FIGURE 2.6 Manually reconstructed linear к-nearest neighbor (kNN decoded) algorithm for the iris dataset with evaluation using a confusion matrix.

Advantages of kNN:

- • Simple and easy to employ for classification applications since it works only when based on the
*к*value and Euclidean distance function. - • The kNN algorithm does not require any training phase because it is an instance-based learner and therefore is faster than the ones that require training such as LDA and naive Bayes.
- • The accuracy of the algorithm is not impacted by adding new data to the existing dataset, therefore data can be seamlessly added.

Disadvantages of kNN:

- • The kNN does not perform well with large datasets, since it is computationally expensive to calculate the distance between the new test data instance with every other instance in the training dataset.
- • Similarly for datasets with high dimensions (many feature attributes) the algorithm becomes more complicated when calculating the distance in each dimension.
- • It is sensitive to noisy data, therefore data preprocessing measures should be taken to eliminate any missing values or outliers before employing kNN.

# Evaluation of ML Methods

Evaluating the efficiency of the developed model is an essential part of ML. Different metrics are available to evaluate the efficiency of the model, among which confusion matrix, accuracy, precision, recall, and F-score are often used for classification applications.

## Confusion Matrix

The confusion matrix conveys the correctness of the model in the form of a matrix. It is mostly used for determining the effectiveness of the classification of ML models with two or more classes.
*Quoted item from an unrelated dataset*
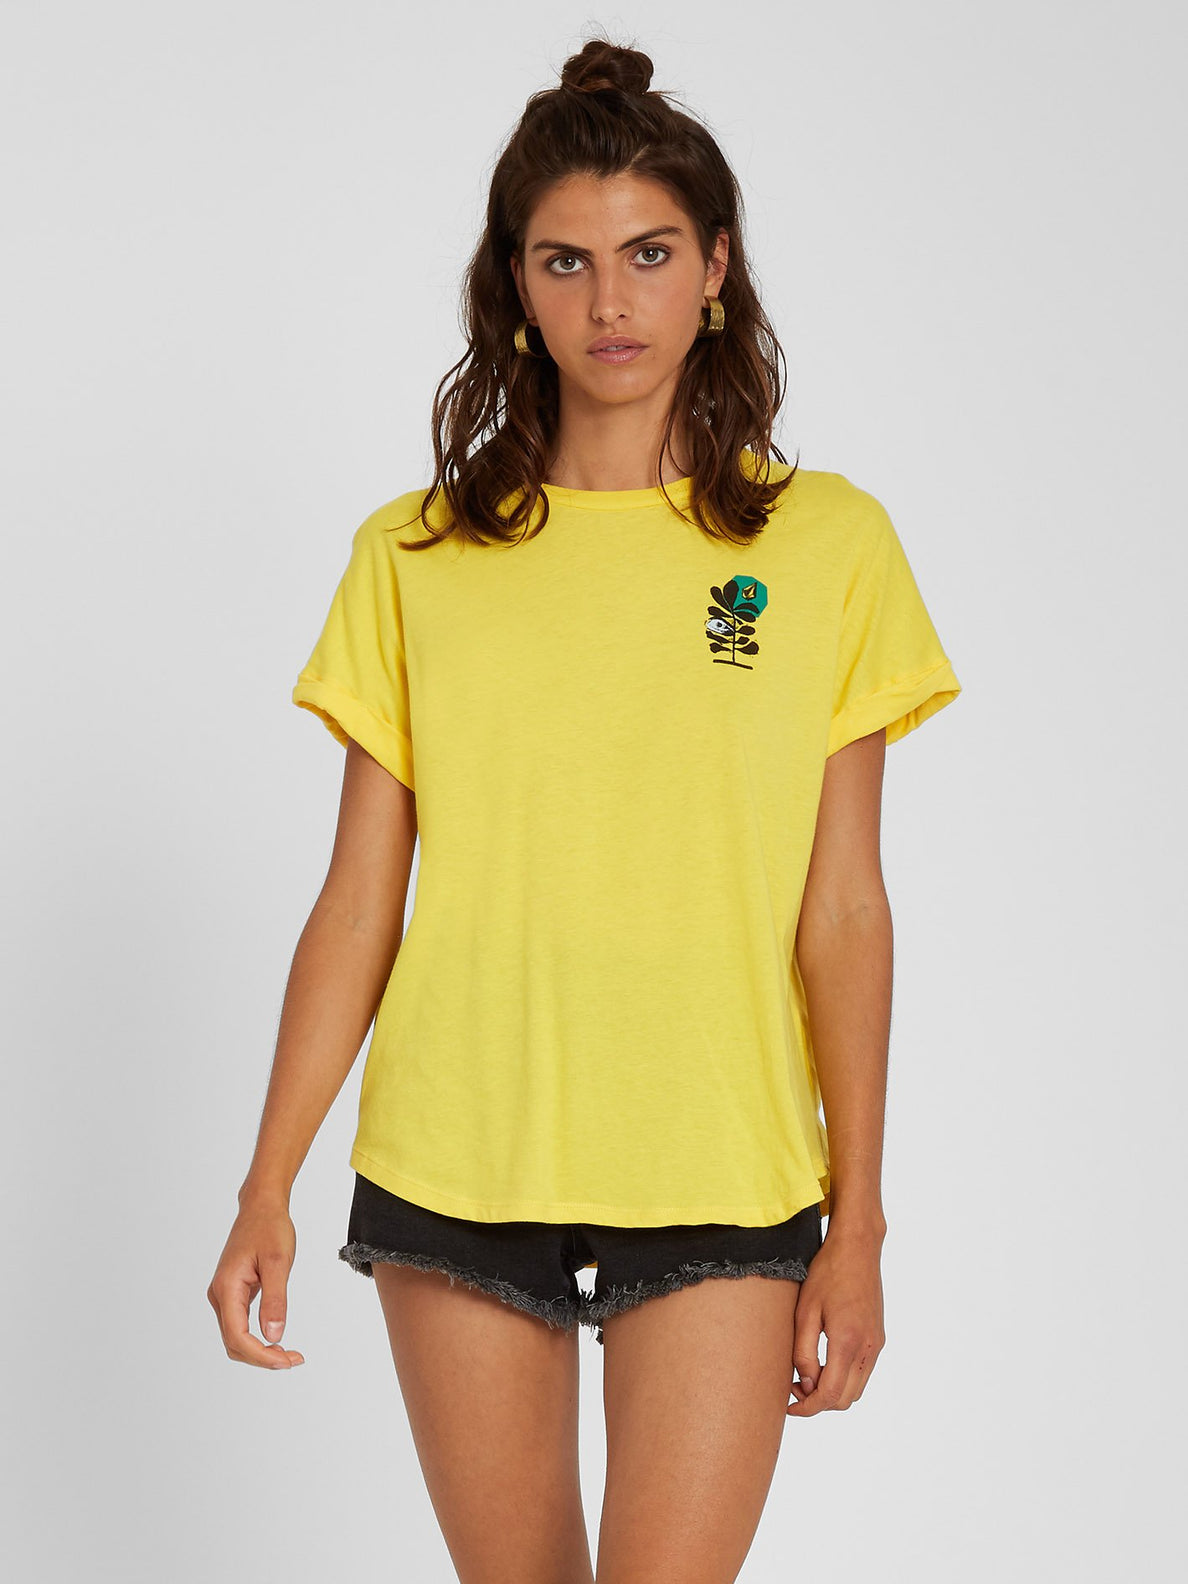 Frontye T-shirt - Acid Lemon (B3512118_ACL) [B]

The matrix contains the actual values in rows and predicted values in columns (Figure 2.7).

The following are the four essential terms associated with the confusion matrix.
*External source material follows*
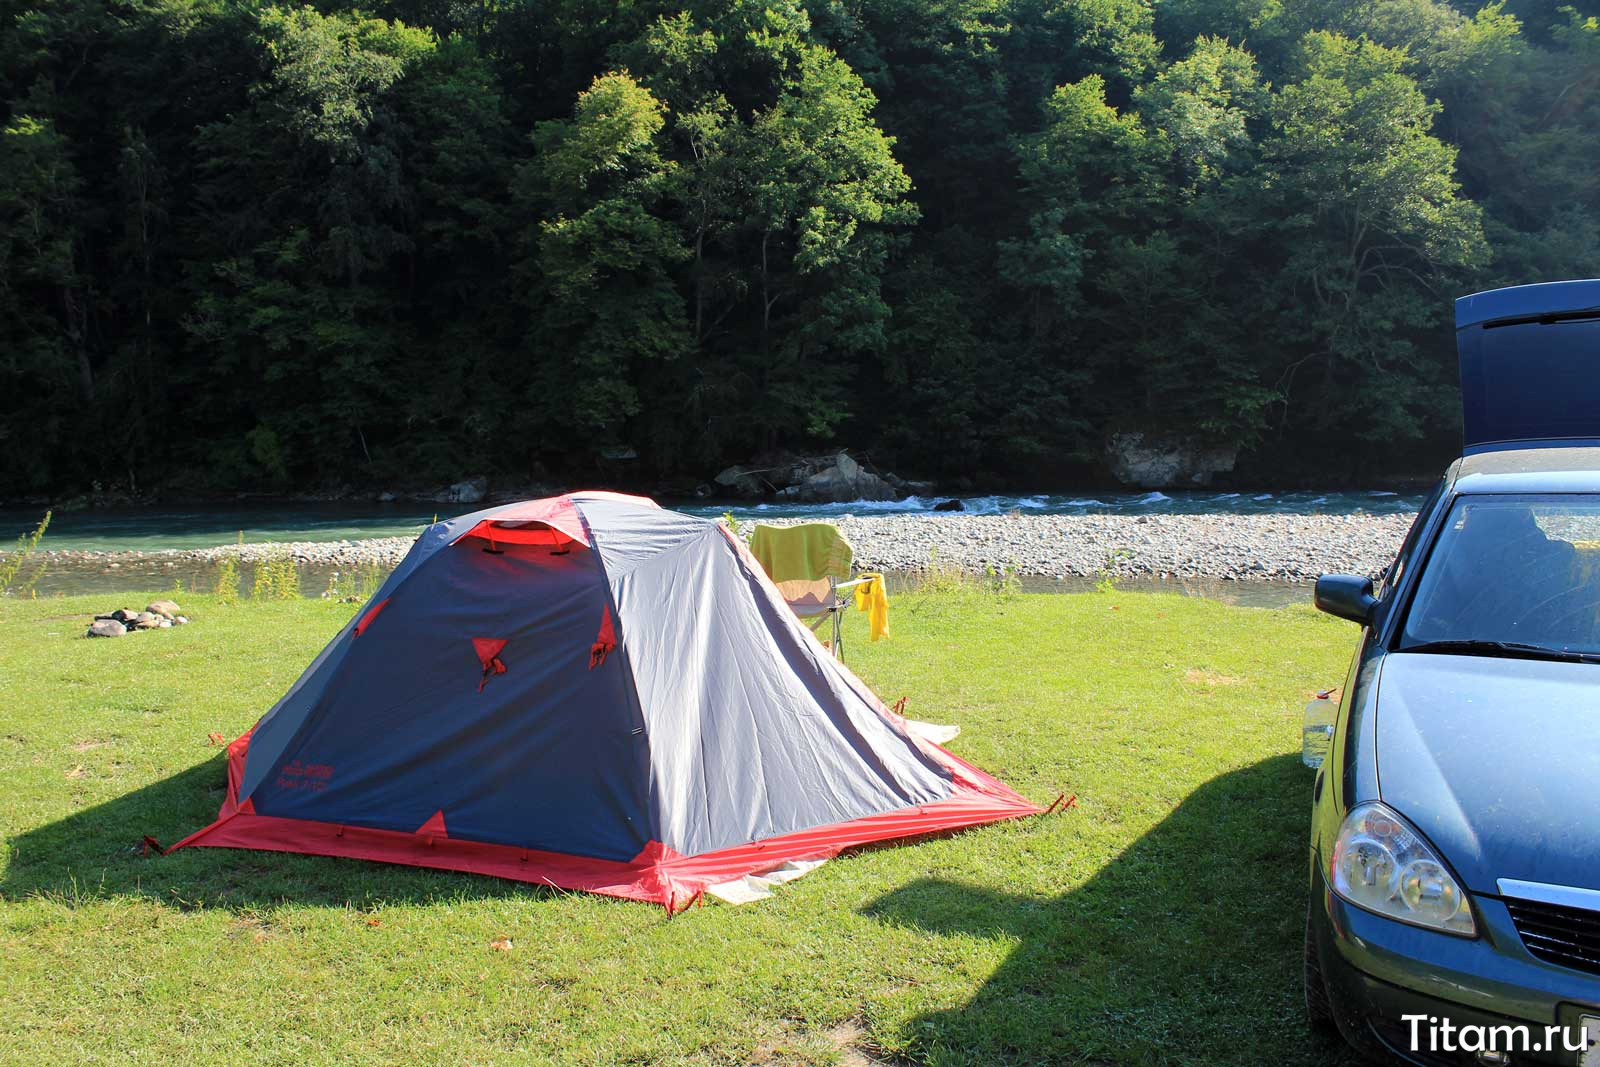 Изготовление самодельных палаток для отдыха - советы и идеи

- • True positive (TP)—Cases where the actual data belonged to class 1 and the model correctly classified as class 1.
- • False negative (FN)—Cases where the actual data belonged to class 1 but the model wrongly classified as class 2.
- • False positive (FP)—Cases where the actual data belonged to class 2 but the model wrongly classified as class 1.
- • True negative (TN)—Cases where the actual data belonged to class 2 and the model correctly classified as class 2.

The following performance parameters, namely accuracy, precision, recall, F-score, macro-average (based on number of classes), and weighted average (weighting each class by number of samples in each class) are calculated based on the TP, FN, FP, and TN values present in the confusion matrix (Figure 2.7).

## Accuracy

Accuracy in classification problems is the ratio of the total number of correct predictions by the model (TP and TN) to the total number of input data. It is a good measure for evaluating the model if the classes in the data are nearly balanced.

FIGURE 2.7 Confusion matrix for a binary class of data.

## Precision

Precision is a metric that quantifies the number of cases correctly classified as positive out of the total cases classified as positive. It is the ratio of TP to the sum of TP and FP. The precision result is a value between the range 0.0 and 1.0, where 0.0 represents no precision and 1.0 represents full or perfect precision.

## Recall

Recall is the proportion of cases correctly classified as positive in the class of interest. It is the ratio of TP to the total instances (TP and FN) of a class. It is a value between 0.0 and 1.0.

## F-score

F-score is the balance between the precision and recall and is determined using their harmonic mean. This measure is more reliable than accuracy to validate a model if the data has uneven class distribution. However, with even class distribution (balanced dataset), F-score is the same as the accuracy value.